→ **AVAILABLE DATA**:
============
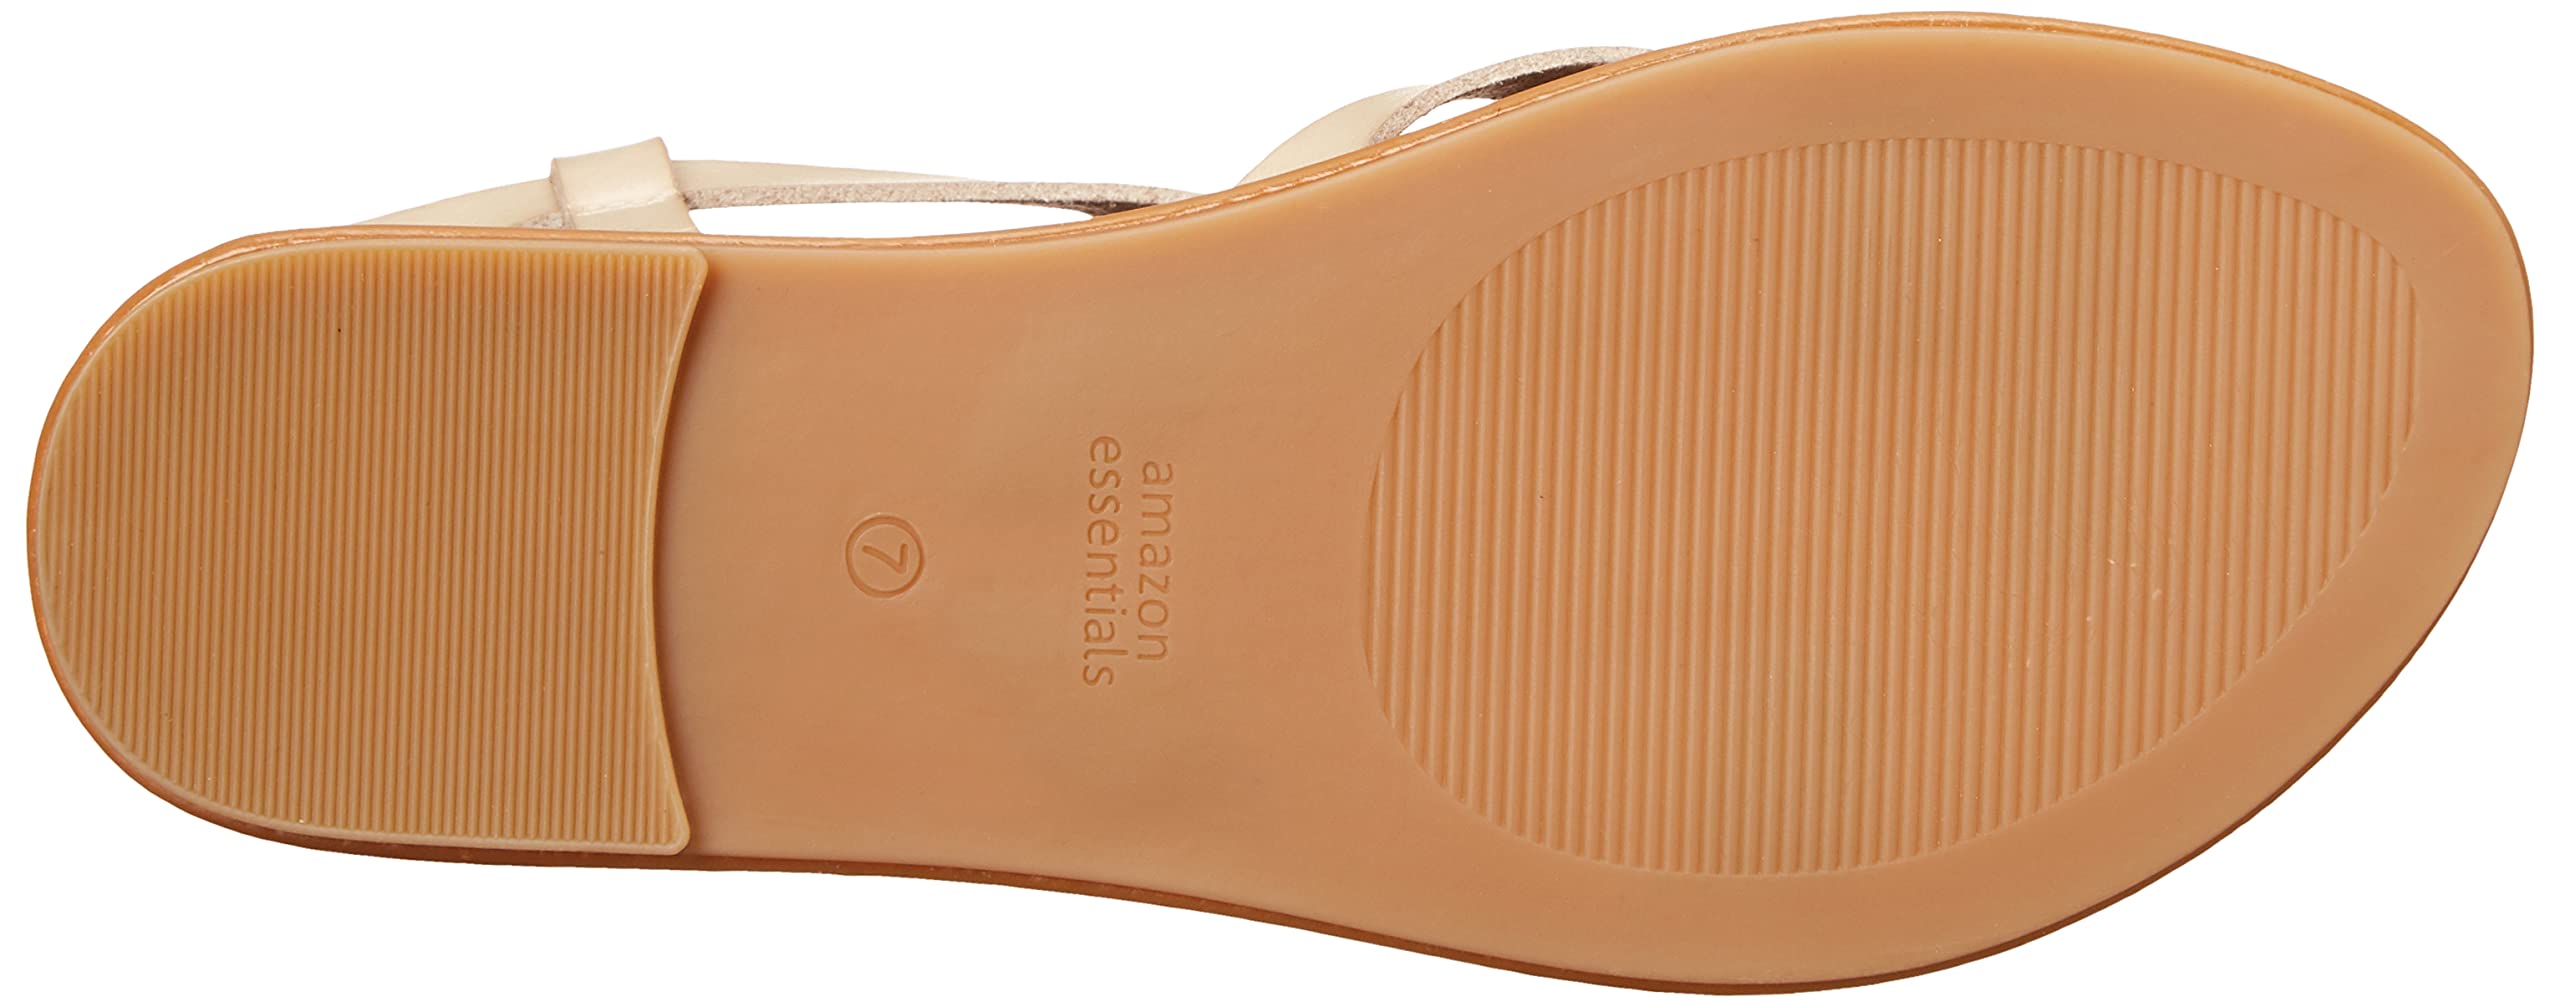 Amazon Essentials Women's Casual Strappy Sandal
============
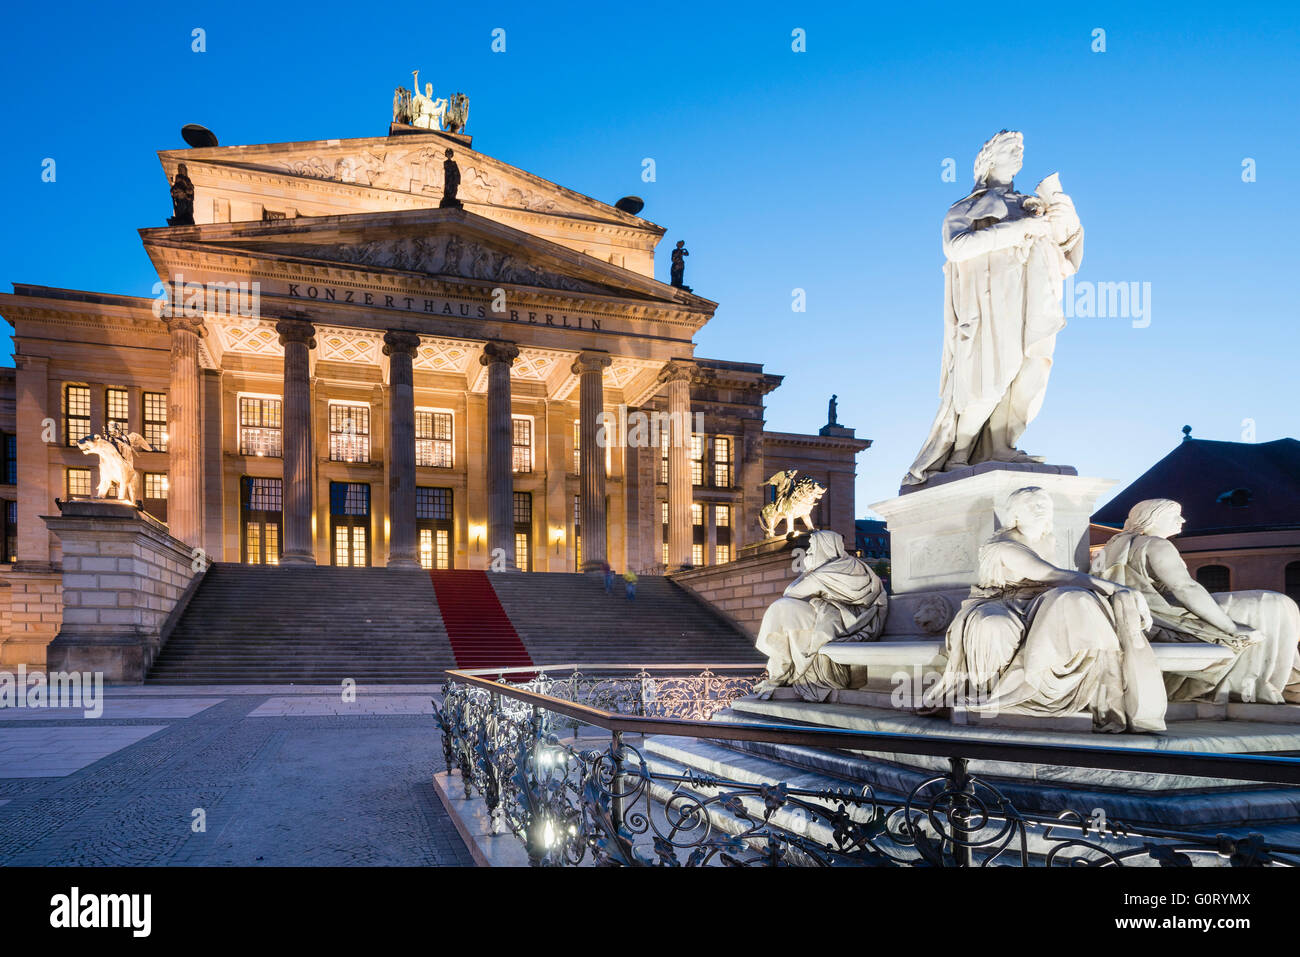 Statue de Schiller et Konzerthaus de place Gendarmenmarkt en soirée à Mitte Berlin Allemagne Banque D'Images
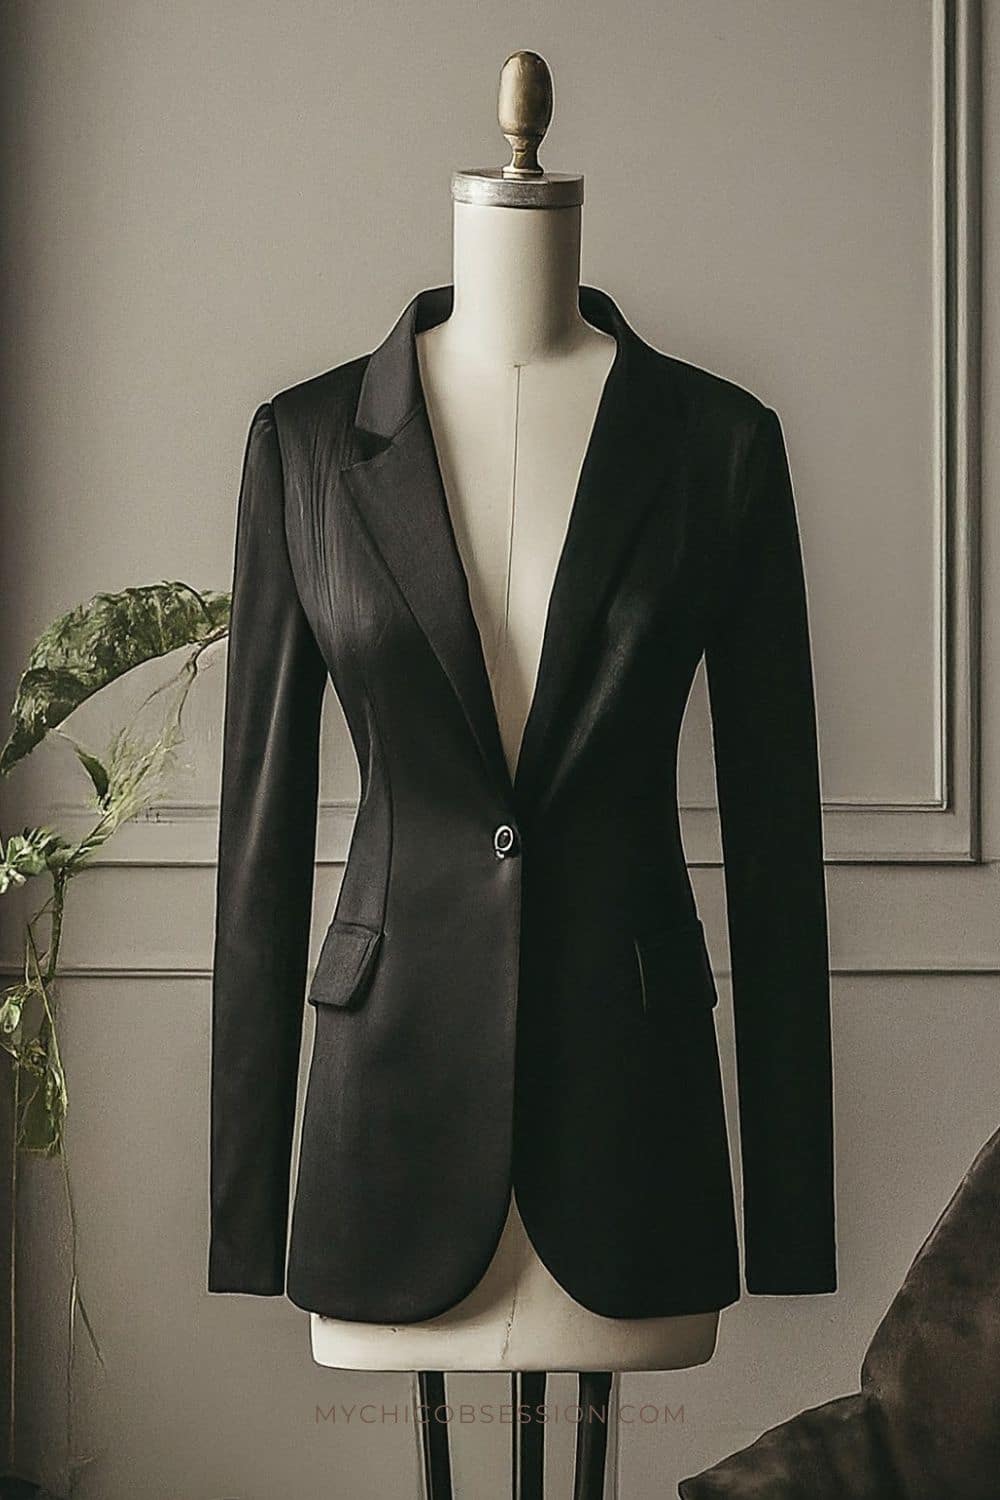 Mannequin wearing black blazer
============
→ **ACTIVITY**: Leaving all pictures out, output exactly the lines of the material above from the line with "Statue de Schiller" to the line with "Mannequin wearing black blazer", both included.

→ **FINAL ANSWER**:
 Statue de Schiller et Konzerthaus de place Gendarmenmarkt en soirée à Mitte Berlin Allemagne Banque D'Images
 Mannequin wearing black blazer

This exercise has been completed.